Estimation and Analysis of Slice Propagation Uncertainty in 3D Anatomy Segmentation
Rachaell Nihalaani, Tushar Kataria, Jadie Adams, Shireen Y. Elhabian
TL;DR
The paper addresses the challenge of 3D anatomy segmentation under limited annotations by employing self-supervised slice propagation and integrating calibrated epistemic uncertainty quantification (UQ) to assess reliability. It adapts and benchmarks five UQ methods across two slice-propagation models, Sli2Vol and Vol2Flow, on three abdominal datasets to evaluate both segmentation accuracy and uncertainty calibration. Key findings show that UQ can improve both accuracy and trustworthiness, with concrete dropout delivering strong segmentation and uncertainty estimates, while SWAG offers better calibration at some cost to accuracy, highlighting trade-offs between methods. The work provides open-source code and a comprehensive benchmark, underscoring the practical value of calibrated UQ for safe, annotation-efficient medical image segmentation and outlining avenues for future domain-aware UQ enhancements.
Abstract
Supervised methods for 3D anatomy segmentation demonstrate superior performance but are often limited by the availability of annotated data. This limitation has led to a growing interest in self-supervised approaches in tandem with the abundance of available un-annotated data. Slice propagation has emerged as an self-supervised approach that leverages slice registration as a self-supervised task to achieve full anatomy segmentation with minimal supervision. This approach significantly reduces the need for domain expertise, time, and the cost associated with building fully annotated datasets required for training segmentation networks. However, this shift toward reduced supervision via deterministic networks raises concerns about the trustworthiness and reliability of predictions, especially when compared with more accurate supervised approaches. To address this concern, we propose the integration of calibrated uncertainty quantification (UQ) into slice propagation methods, providing insights into the model's predictive reliability and confidence levels. Incorporating uncertainty measures enhances user confidence in self-supervised approaches, thereby improving their practical applicability.

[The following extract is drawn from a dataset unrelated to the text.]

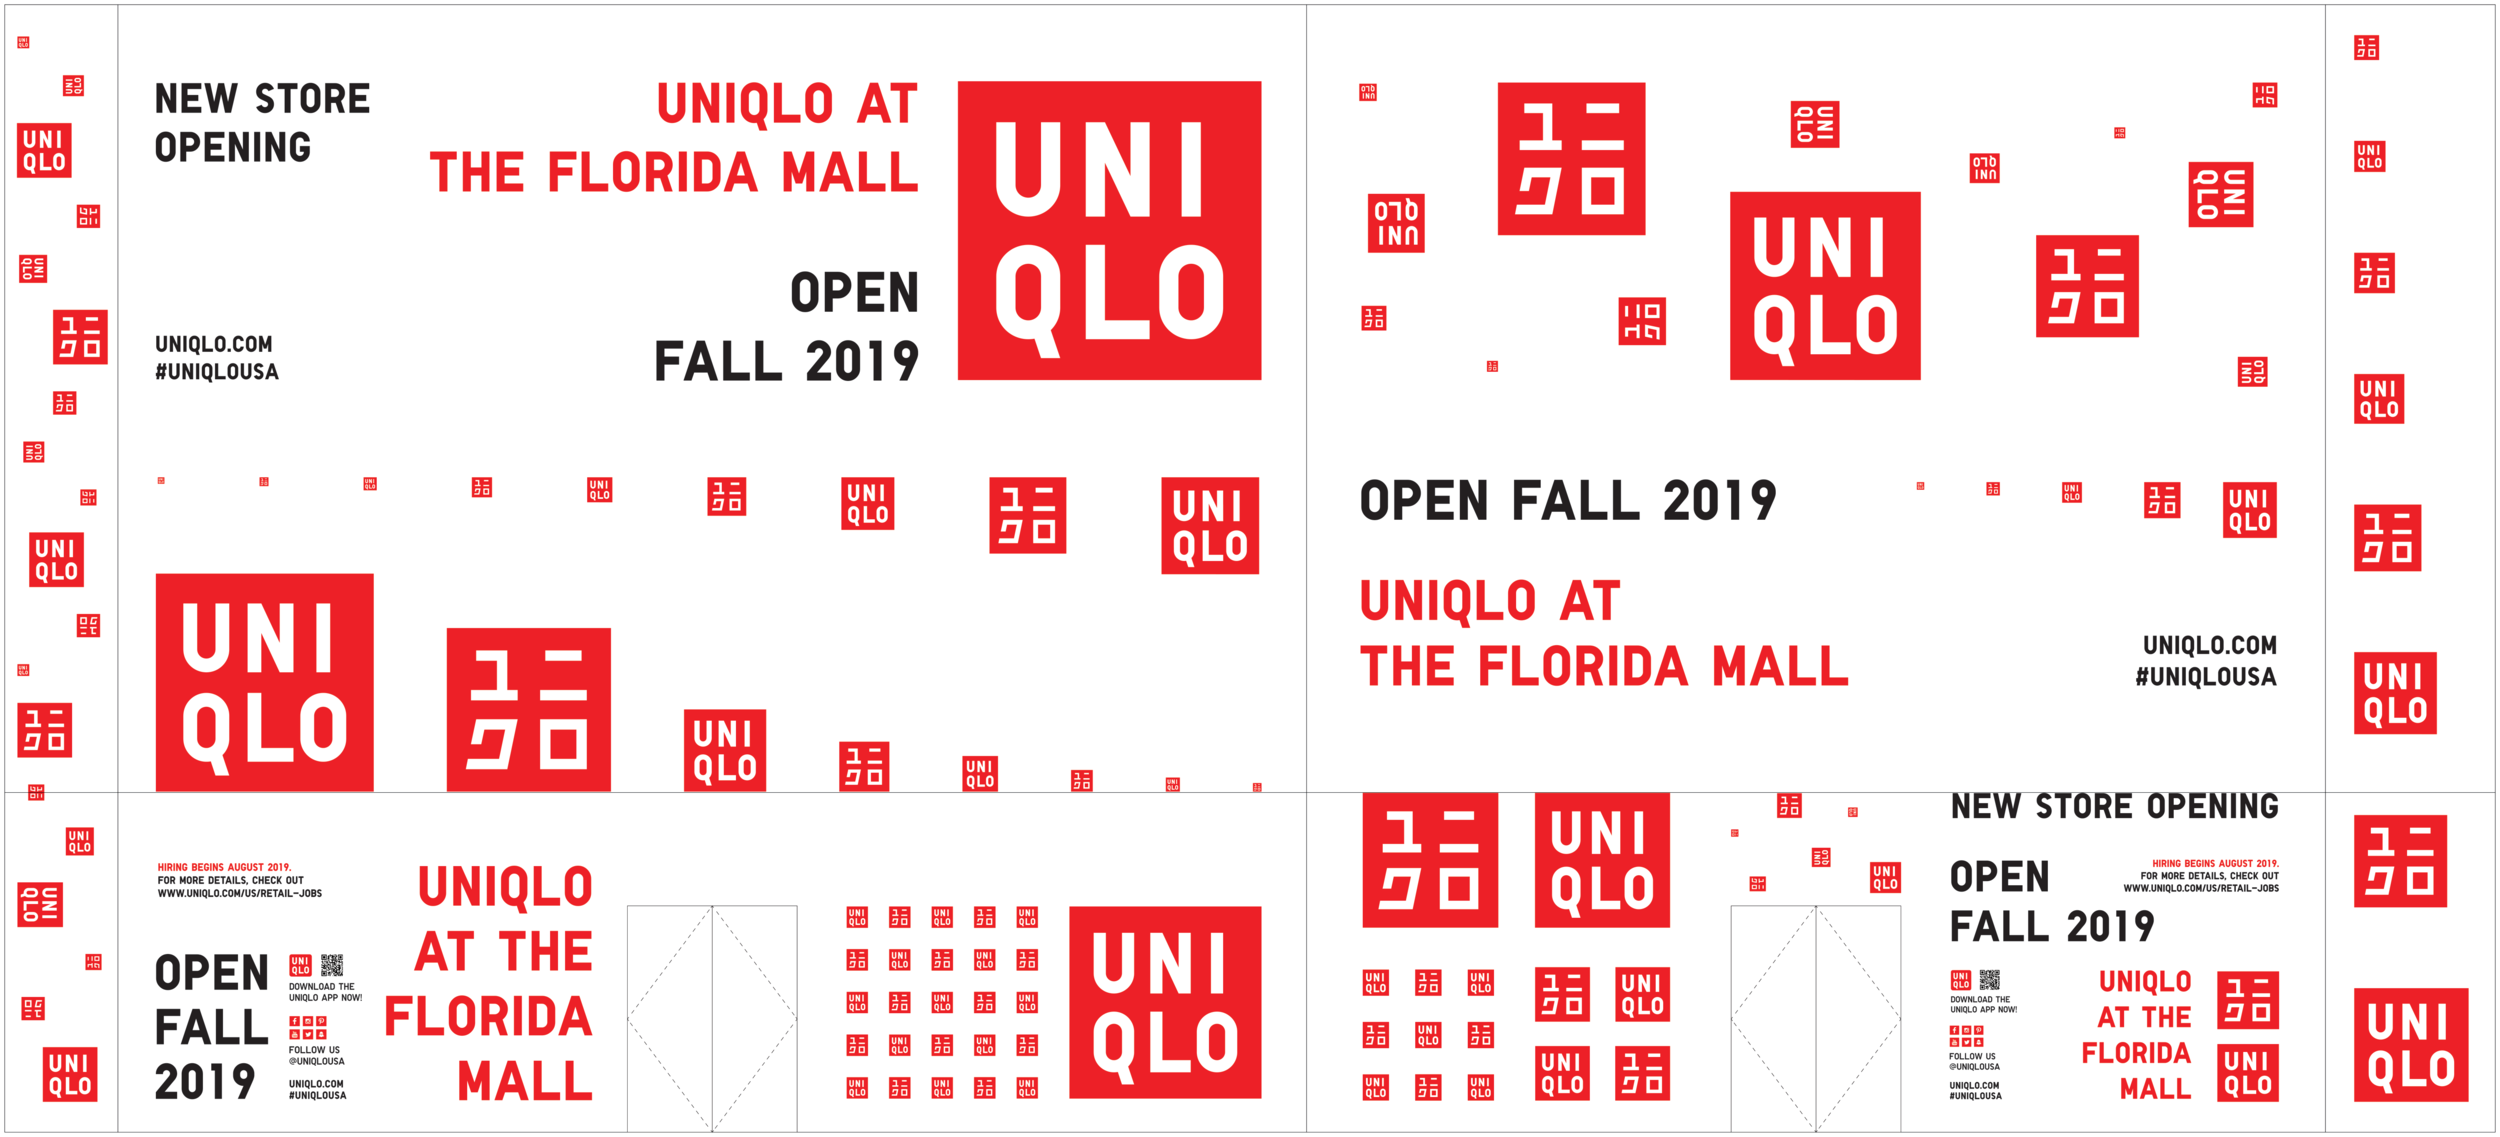 Redesign Logo UNIQLO UNOFFICIAL by Septian Fajar Setiawan on Dribbble

We conducted experiments on three datasets for 3D abdominal segmentation using five UQ methods. The results illustrate that incorporating UQ improves not only model trustworthiness, but also segmentation accuracy. Furthermore, our analysis reveals various failure modes of slice propagation methods that might not be immediately apparent to end-users. This study opens up new research avenues to improve the accuracy and trustworthiness of slice propagation methods.